Visualize atom weight of AttentiveFP #DGL #RDKit #Chemoinformatics

Yesterday, I posted an example of DGL (almost same as original example code).

And I could make regression model with my own dataset. Fortunately DGL developer provides a code for visualize atom weights of trained model.

It means that, after building the model with AttentiveFP, you can visualize atom weight of the give molecule which means how much each atom contribute to the target value.

I saw many example of the approach but never tried it by myself. So I tried to it today.

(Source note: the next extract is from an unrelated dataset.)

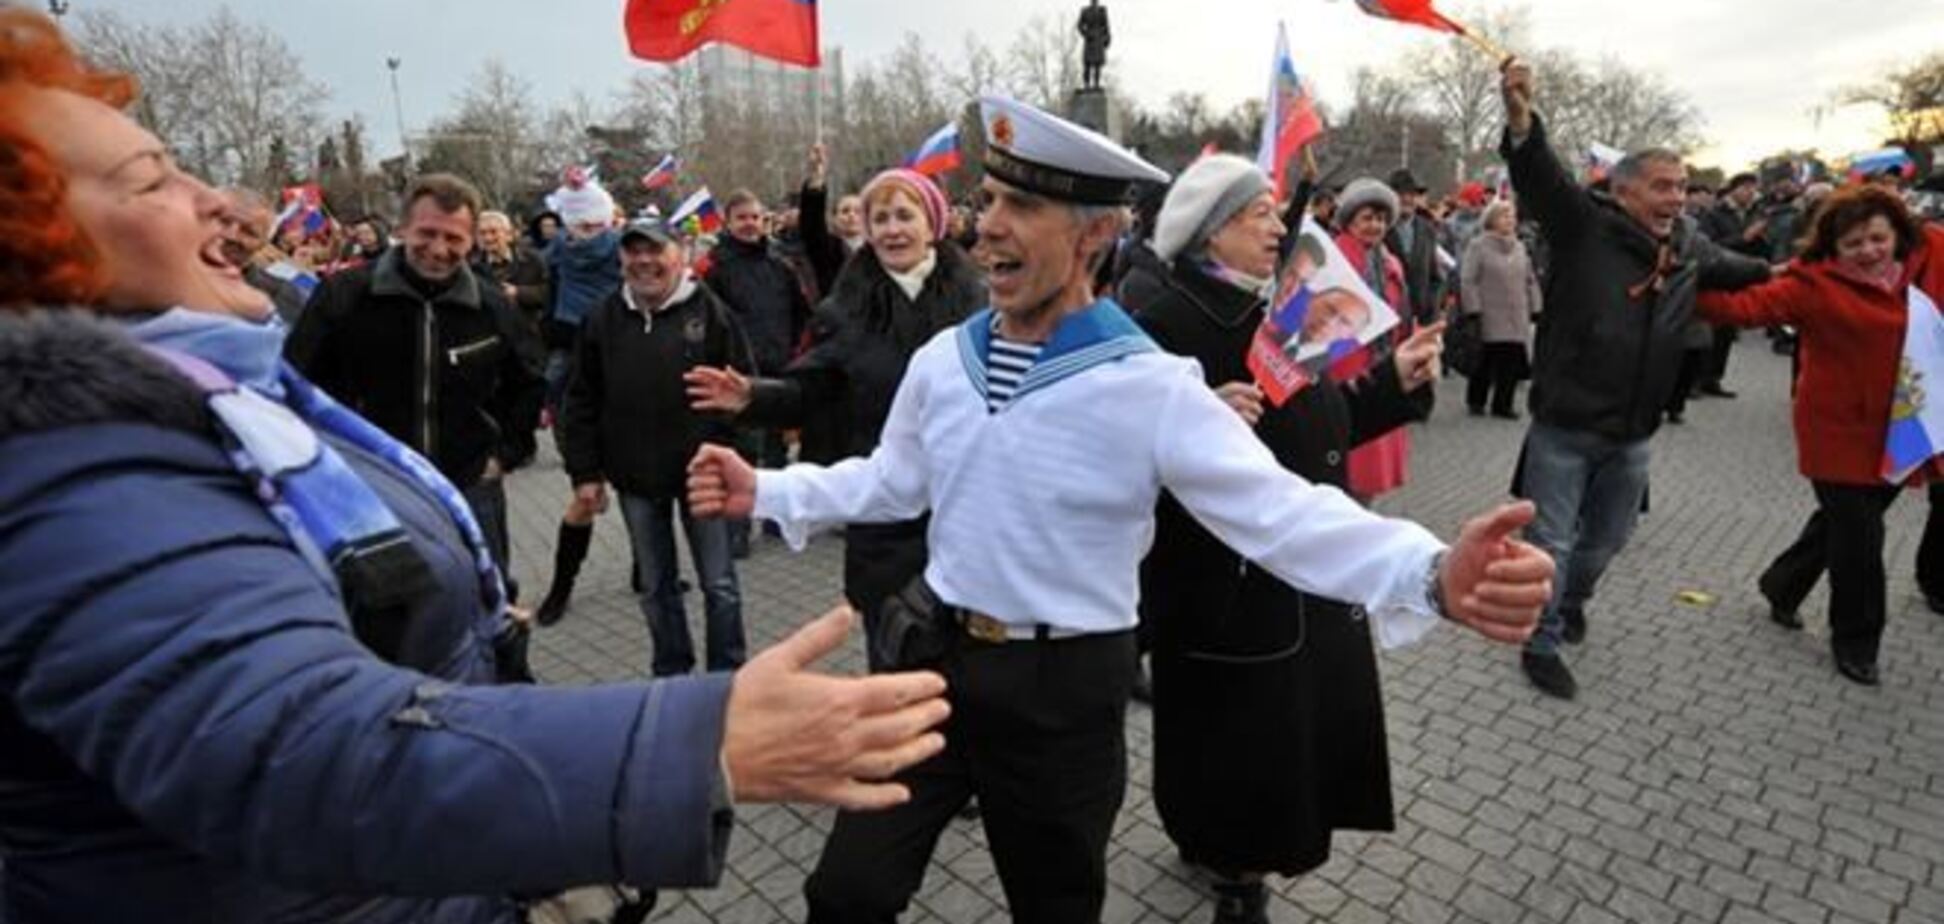 Москвичам выдают флаги РФ для вывешивания на балконах в честь 'возврата' Крыма
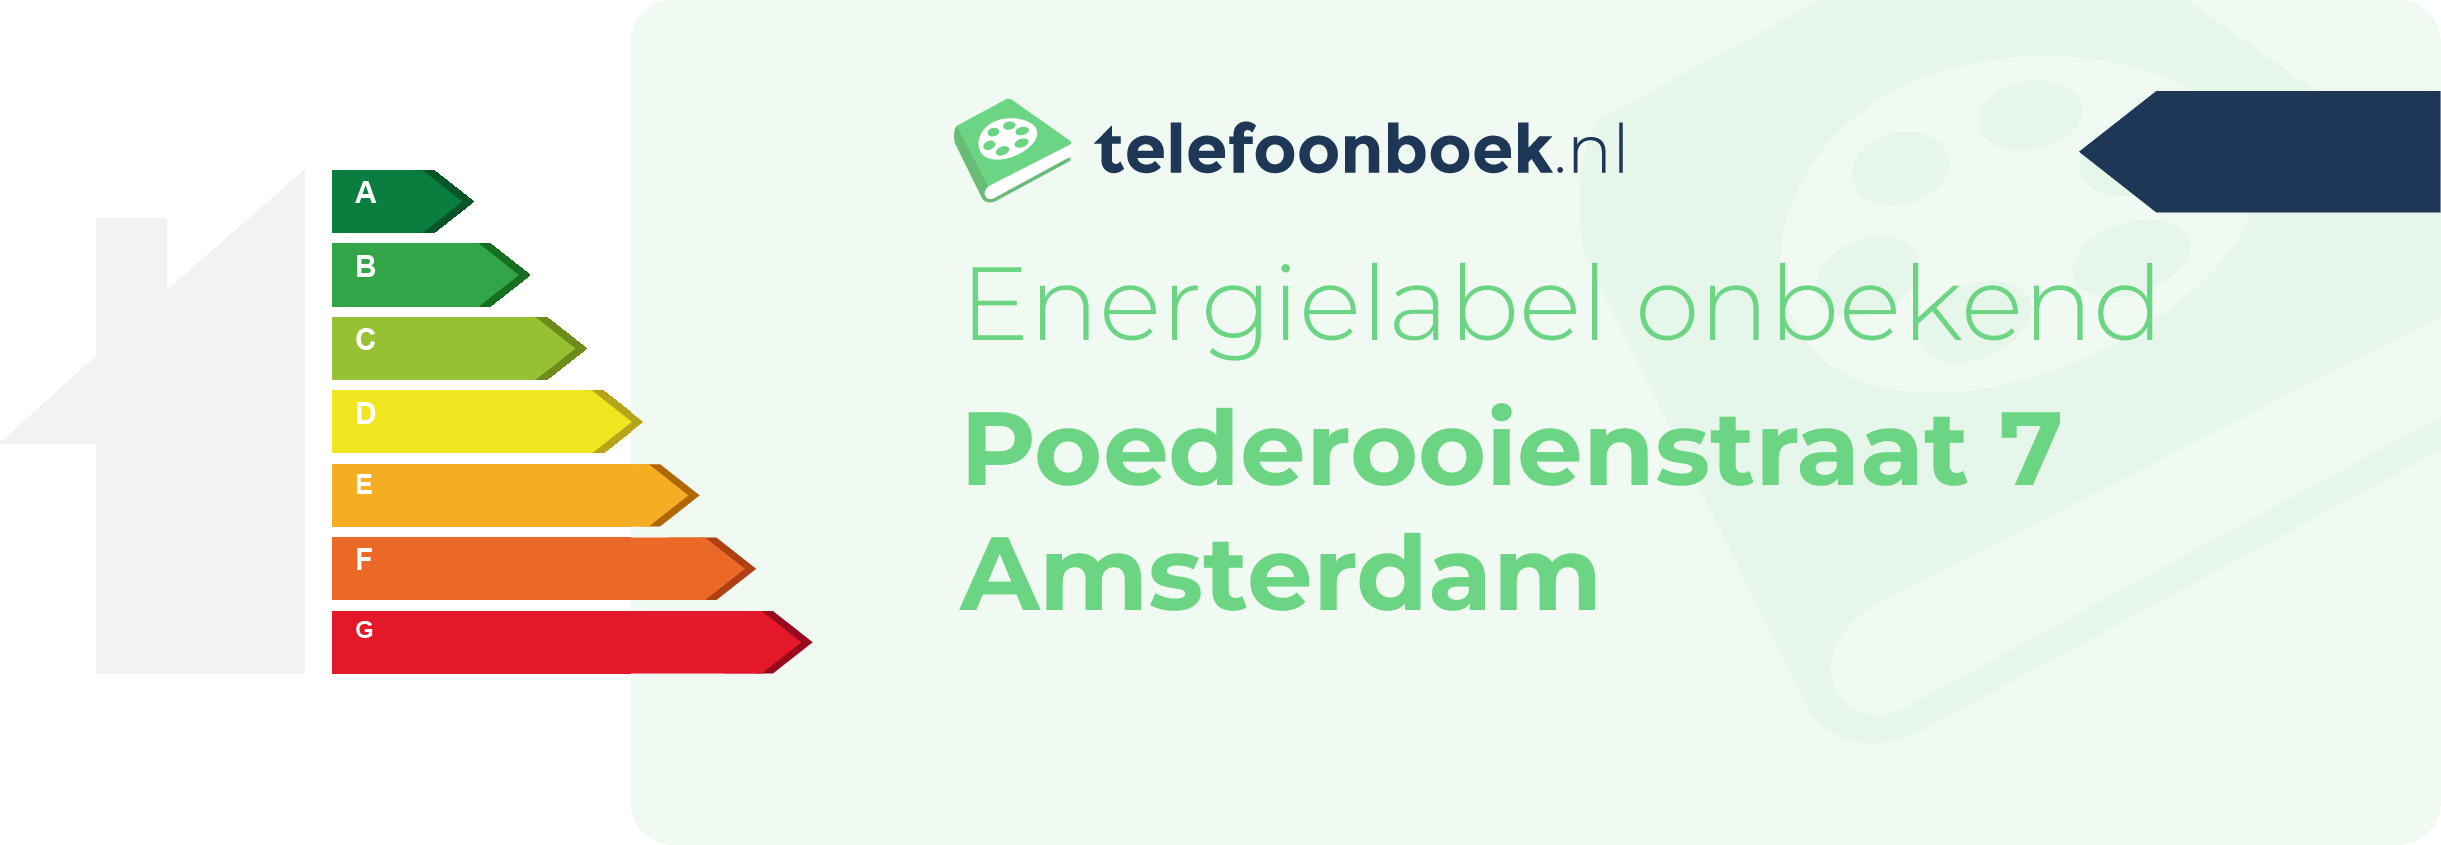 Energielabel Poederooienstraat 7 Amsterdam

Following code is same as yesterday.

%matplotlib inline 
import matplotlib.pyplot as plt
import os
from rdkit import Chem
from rdkit import RDPaths

import dgl
import numpy as np
import random
import torch
import torch.nn as nn
import torch.nn.functional as F
from torch.utils.data import DataLoader
from torch.utils.data import Dataset
from dgl import model_zoo

from dgl.data.chem.utils import mol_to_complete_graph, mol_to_bigraph

from dgl.data.chem.utils import atom_type_one_hot
from dgl.data.chem.utils import atom_degree_one_hot
from dgl.data.chem.utils import atom_formal_charge
from dgl.data.chem.utils import atom_num_radical_electrons
from dgl.data.chem.utils import atom_hybridization_one_hot
from dgl.data.chem.utils import atom_total_num_H_one_hot
from dgl.data.chem.utils import one_hot_encoding
from dgl.data.chem import CanonicalAtomFeaturizer
from dgl.data.chem import CanonicalBondFeaturizer
from dgl.data.chem import ConcatFeaturizer
from dgl.data.chem import BaseAtomFeaturizer
from dgl.data.chem import BaseBondFeaturizer

from dgl.data.chem import one_hot_encoding
from dgl.data.utils import split_dataset

from functools import partial
from sklearn.metrics import roc_auc_score
def chirality(atom):
    try:
        return one_hot_encoding(atom.GetProp('_CIPCode'), ['R', 'S']) + \
               [atom.HasProp('_ChiralityPossible')]
    except:
        return [False, False] + [atom.HasProp('_ChiralityPossible')]
    
def collate_molgraphs(data):
    """Batching a list of datapoints for dataloader.
    Parameters
    ----------
    data : list of 3-tuples or 4-tuples.
        Each tuple is for a single datapoint, consisting of
        a SMILES, a DGLGraph, all-task labels and optionally
        a binary mask indicating the existence of labels.
    Returns
    -------
    smiles : list
        List of smiles
    bg : BatchedDGLGraph
        Batched DGLGraphs
    labels : Tensor of dtype float32 and shape (B, T)
        Batched datapoint labels. B is len(data) and
        T is the number of total tasks.
    masks : Tensor of dtype float32 and shape (B, T)
        Batched datapoint binary mask, indicating the
        existence of labels. If binary masks are not
        provided, return a tensor with ones.
    """
    assert len(data[0]) in [3, 4], \
        'Expect the tuple to be of length 3 or 4, got {:d}'.format(len(data[0]))
    if len(data[0]) == 3:
        smiles, graphs, labels = map(list, zip(*data))
        masks = None
    else:
        smiles, graphs, labels, masks = map(list, zip(*data))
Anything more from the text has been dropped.